Литература Киевской Руси находится среди тех литературных традиций (средневековые литературы Дальнего Востока и Ближнего Востока), где этот процесс имел существенные отличия от формирования авторства в западной литературной традиции и происходил на иных основаниях. Уместно вспомнить замечание Е. М. Мелетинского о средневековой литературе как «привилегированном объекте типологической компаративистики», так как «литературы различных регионов в этот период относительно независимы друг от друга, развиваются равномерно и потому сравнимы между собой без особых ограничений и оговорок» [13 , 76].

В этом смысле литература Киевской Руси (и вырастающие из нее литературные традиции) представляет собой интересный феномен для одной из других историй авторства, т.е. формирования института авторства как постепенного образования практики присвоения имени автора тексту и функционирования последнего под этим именем.

И хотя процесс формирования института авторства в этой литературной традиции не было завершено силой собственной логики (это произошло в силу внешнего влияния) и можно говорить только о его предпосылках, тем не менее, их своеобразие делает его достойным отдельной главы во всеобщей истории авторства.

Проблема автора перед исследователями литературы Киевской Руси стояла с самого начала ее изучения, однако, как проблема практическая, т.е. задача атрибуции конкретных произведений.

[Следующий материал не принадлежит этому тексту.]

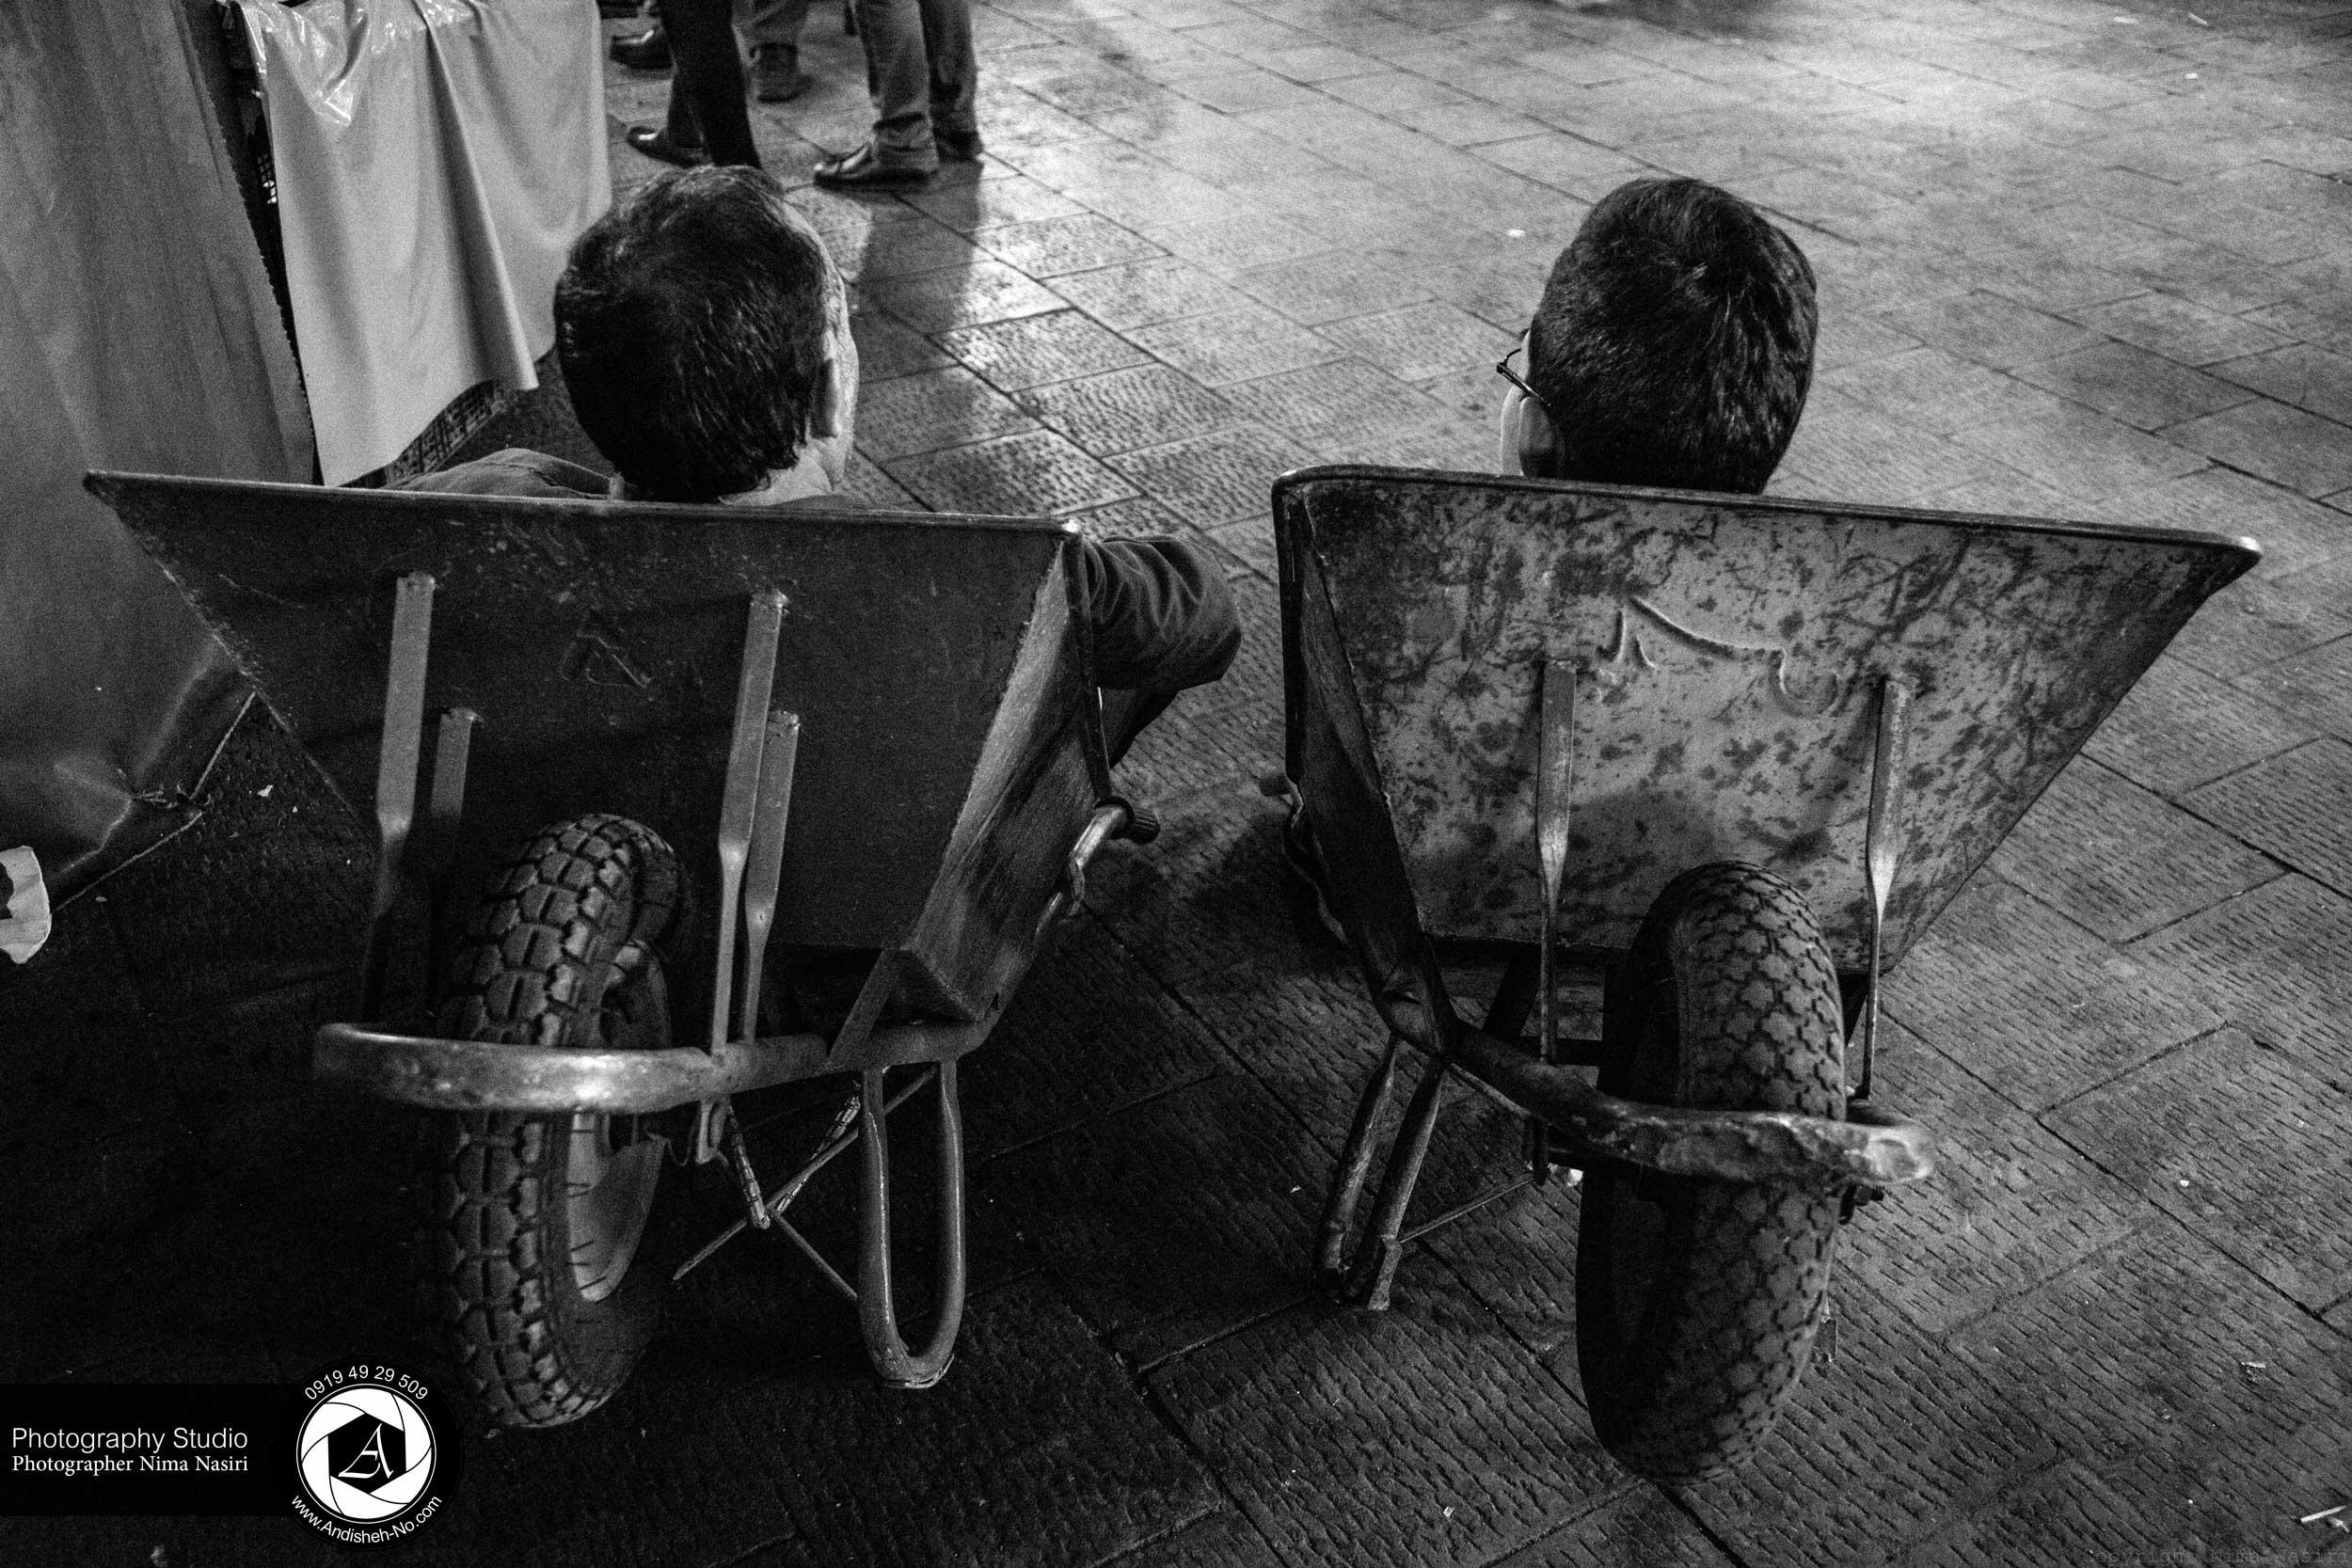 مجموعه عکس متوسط رو به پائین ، اثر عکاسی خیابانی و مستند اجتماعی نیما نصیری

Но постановка теоретической проблемы в смысле необходимости уточнения содержания самого понятия автора относительно произведений этой литературы состоялась значительно позднее. Начало изучению вопроса на теоретическом уровне было положено Д. С. Лихачевым, который первым сформулировал ряд положений относительно авторства в литературе Киевской Руси, по нашему мнению, сохраняющих свое научное значение. Главная заслуга Лихачева, как мы считаем, состоит в том, что он описал тип авторства в рамках периода XI-XVII вв., рассматривая его в значительной степени как культурный феномен (т.е. не только с точки зрения «образа автора» в тексте, но и с точки зрения на литературу как культурную практику в связи с внелитературными функциями). Иными словами, это близко к пониманию авторства как культурного института. Однако, во-первых, это понятие берется слишком в общем, как единый тип для всего этого многовекового периода (исторические изменения Лихачев отмечает только в отношении XVII в.). Во-вторых, описание строится на сравнении особенностей древнего автора с развитым понятием авторства как определенной нормой. Без такого сравнения, разумеется, изучение особенностей авторства в древней литературе вообще невозможно. Однако для более точного понимания своеобразия института авторства в литературе Киевской Руси целесообразнее исходить не только из развитого понятия авторства, но и учитывая историю формирования авторства (условия его возникновения и разные этапы развития) в античной и западноевропейской литературной традиции.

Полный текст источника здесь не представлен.